Why we built it this way

Each architectural choice balances detection sensitivity, false-positive control, and operational practicality.

🎯

Single Global Model

One XGBoost model with sub_idx as a feature serves all 162 subsystems, sharing the CT→VPO physics while learning per-unit offsets. More data-efficient and maintainable than 162 separate models.

🚫

No VPO Lags

Deliberately excludes autoregressive VPO features. During slow leaks, VPO lags would let the model “explain away” anomalous values, suppressing the residual signal. This sacrifices ~2 R² points for far better anomaly sensitivity.

🗳

Multi-Detector Voting

Four detectors with different time horizons vote together. Requiring ≥2/4 agreement dramatically reduces false positives while maintaining detection power across leak profiles (slow, sudden, sustained).

🏢

Family Aggregation

Leaks affect shared piping, so multiple subsystems deviate together.
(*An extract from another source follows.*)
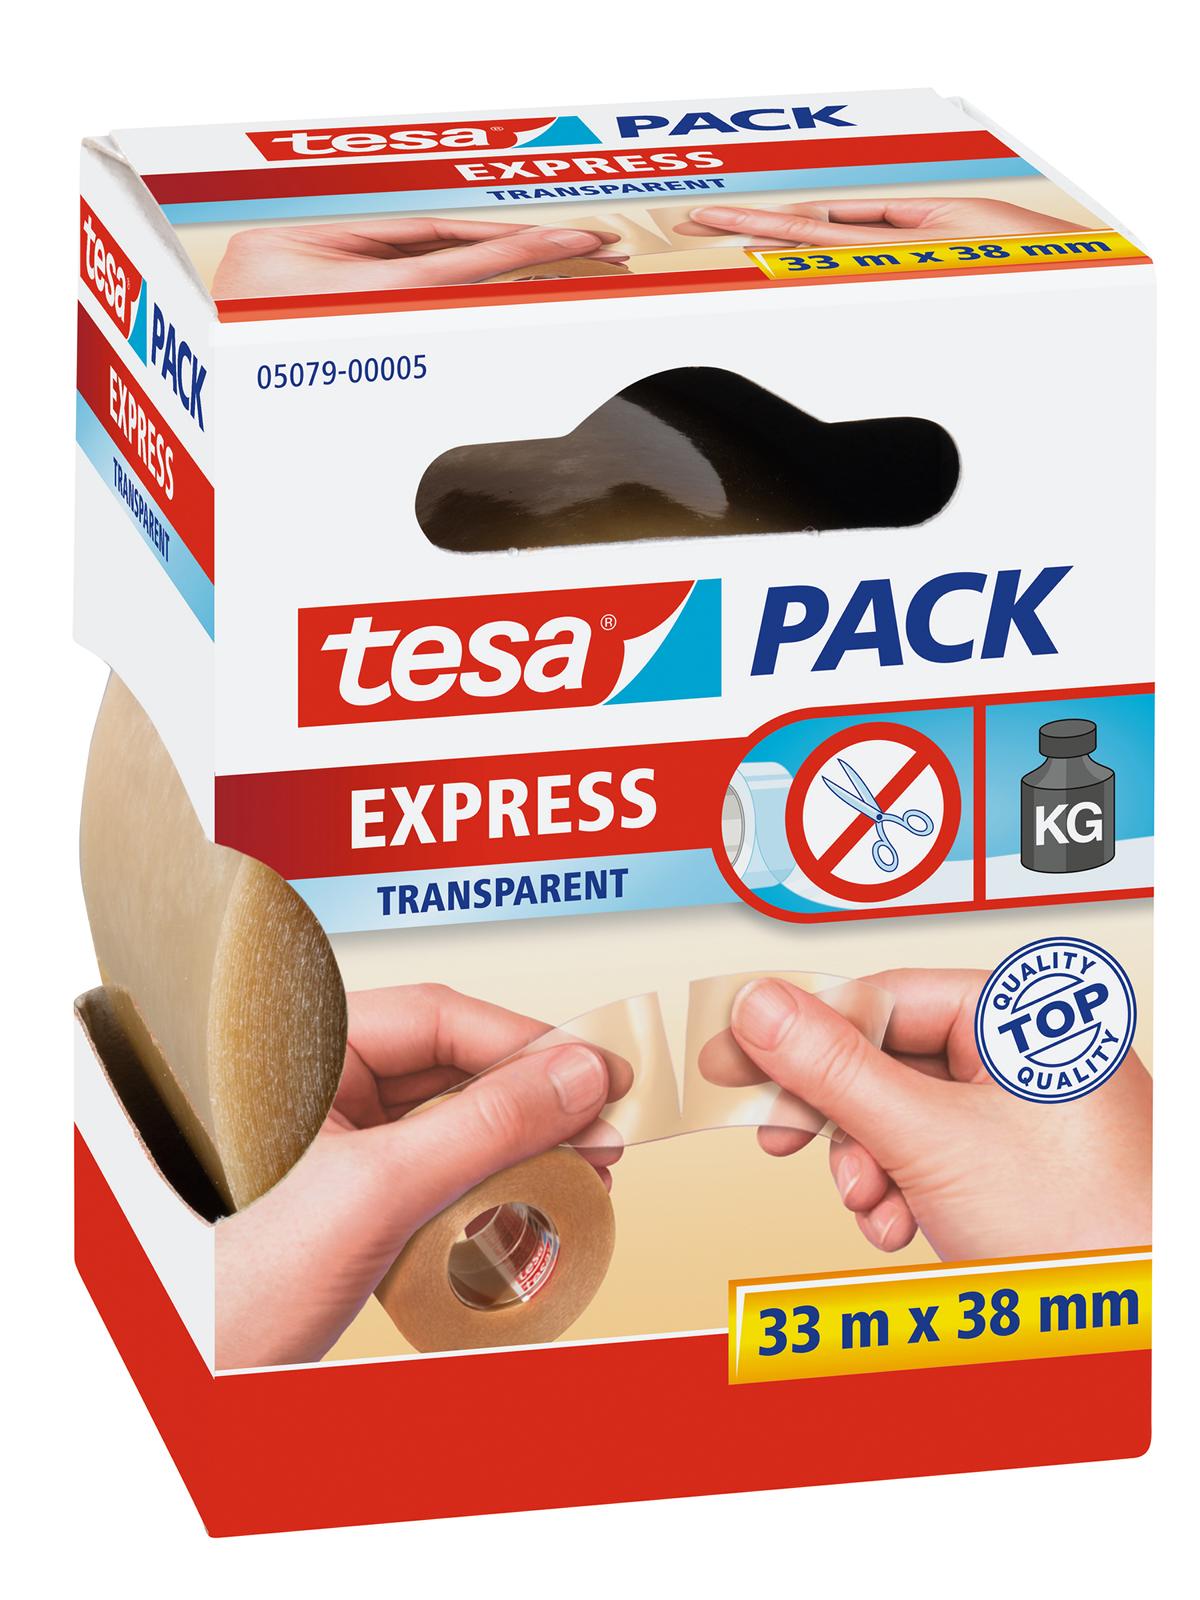 tesa Express tesapack, transparent, 33 m

The dual threshold (>5% AND ≥3 absolute) filters out single-unit faults while catching real leaks that propagate across families.

Hysteresis State Machine

Escalation requires sustained conditions (4h→12h→24h→48h). The 6-hour downgrade delay prevents alert fatigue from oscillating borderline conditions. Fast-track triggers bypass timers for severe cases.

🧪

Healthy-Only Calibration

Thresholds are calibrated at the 99th percentile of healthy-data statistics, never tuned on leak events. This preserves statistical validity of the FPR guarantee and ensures generalisation to novel leak patterns.


Technical foundation

Built with robust ML and data engineering libraries, GPU-accelerated training, and config-driven detection.

ML Model
XGBoost (GPU)
Gradient-boosted regression trees with CUDA histogram splitting. 100K trees with early stopping, depth 6, aggressive regularisation.
Data Processing
pandas + NumPy
Vectorised residual computation, rolling-window detectors, and wide-to-panel format conversion for 7.6M+ rows.
Visualisation
Plotly + Matplotlib
Interactive Dash dashboards for exploration. Static matplotlib figures for stakeholder reports and publication-quality PDF exports.
Unsupervised
Isolation Forest + PCA
Optional unsupervised scoring layer on the residual vector for additional anomaly evidence beyond the four primary detectors.
Configuration
JSON Config-Driven
All detector parameters, voting rules, family weights, and state machine timings in detection_config.json — no hardcoded thresholds.
Environment
Conda + CUDA
Reproducible conda environment with GPU-accelerated training on NVIDIA hardware. Full pipeline from raw data to dashboard in numbered scripts.

What's next

The detection engine is operational. Next steps focus on data quality, deployment, and expansion.

📡

Clean CT Data Recovery

119/162 subsystems reported frozen CT values from Apr–Aug 2025 due to a data export issue. Obtaining clean CT data from alternative source will unlock full-period blind testing.

☁️

Real-Time Deployment

Deploy the online engine for live 15-minute monitoring with email/SMS alerting to facility managers. Current pipeline processes events retrospectively — next step is live streaming.

🏪

Multi-Store Generalisation

Adapt the model to additional grocery stores with different system configurations. The single-model architecture with sub_idx embedding makes transfer learning straightforward.